Doron Rosenblum, one of Israel’s leading satirists, recently wrote on his Facebook page: “I got it. They (members of the ruling coalition) are defeating criticism and satire through using satire’s own power, as judokas do, by taking themselves beyond the absurd. Today, no satirist can outdo the insanity of” Benjamin Netanyahu’s government.

Indeed, Israel’s leading television satire show, Eretz Nehederet (What a Wonderful Country), recently ran a humorous quiz on its web site, in which participants were asked to guess whether quotes attributed to Likud Knesset Member Oren Hazan were true or false. I took the quiz and failed miserably. Hazan’s real quotes were much more outlandish than the made-up ones.

Hazan, last in Likud’s 30 MKs’ slate, is now a member of the influential Finance Committee, as well as Deputy Chairman of the Knesset, no less.
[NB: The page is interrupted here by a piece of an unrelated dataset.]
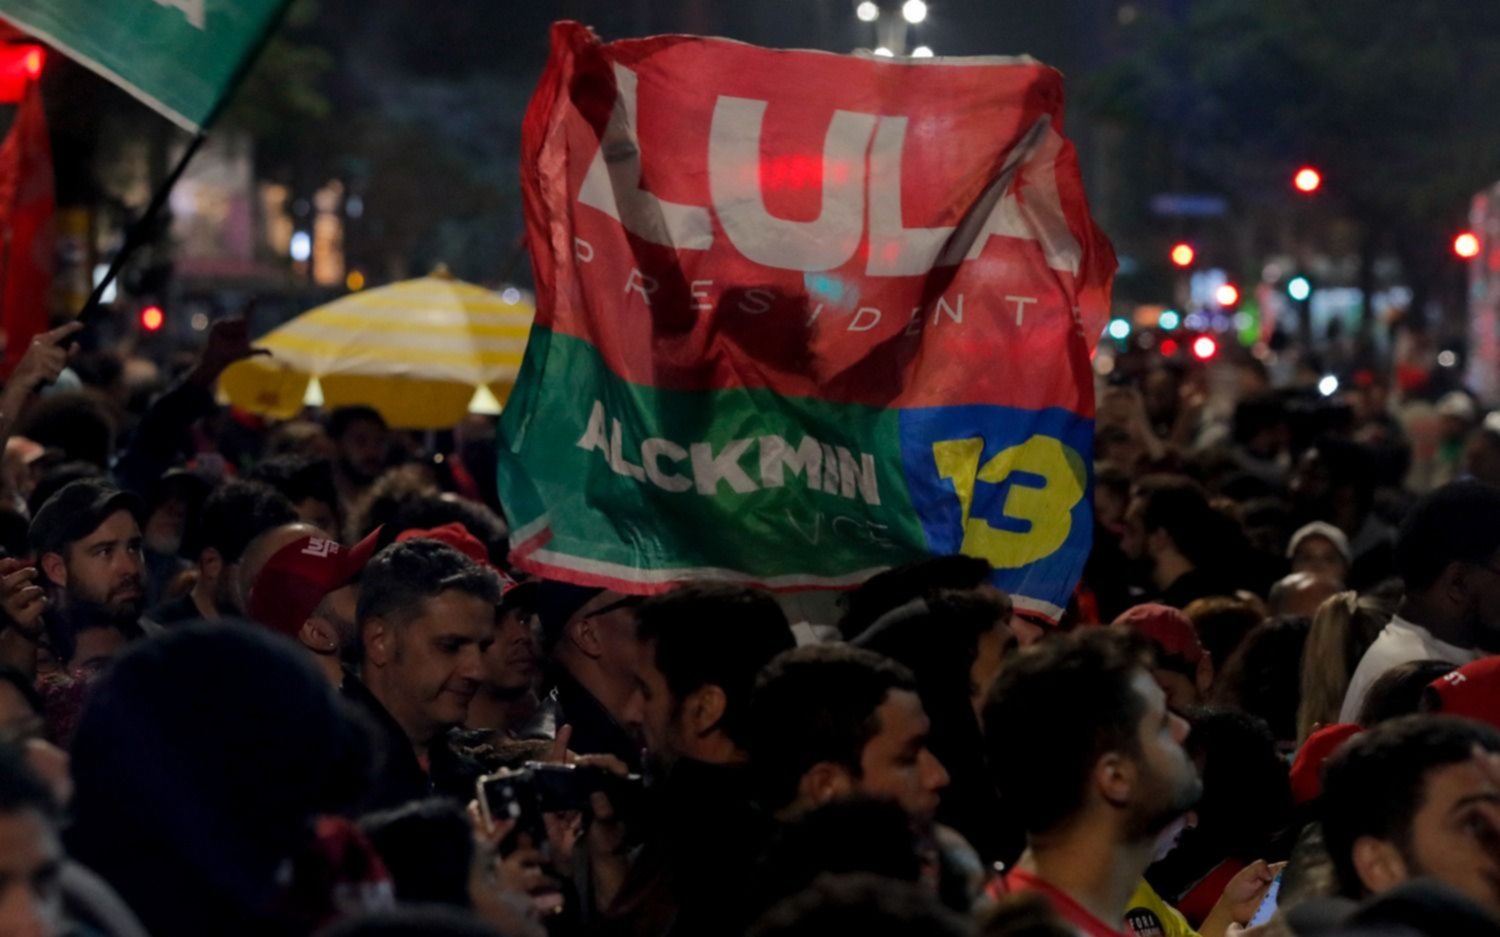 Elecciones en Brasil: Lula ganó pero no le alcanzó, Bolsonaro sorprendió y se definirá en segunda vuelta

Shortly after he was sworn in as an MK, Israel TV Chanel 2 published an expose, alleging that before he ran for Knesset, Hazan trafficked in prostitutes and supplied illegal drugs to Israelis at a hotel in Bulgaria, which he helped run. Some Likud Knesset members distanced themselves from Hazan. (Netanyahu, by the way, did not.) But when Hazan showed up for a Likud gathering recently, he received a hero’s welcome and talked about a “media conspiracy” to destroy him.

Hazan is not the only one to outdo the satirists. Take Knesset member Bezalel Smotrich of the Jewish Home, who earlier this month introduced legislation that would compel members of Israeli organizations that receive funding from foreign governments to wear a special badge, “visibly, on their clothing,” when they are in the Knesset. Was he unaware of the connotations, of the irony? Does he care?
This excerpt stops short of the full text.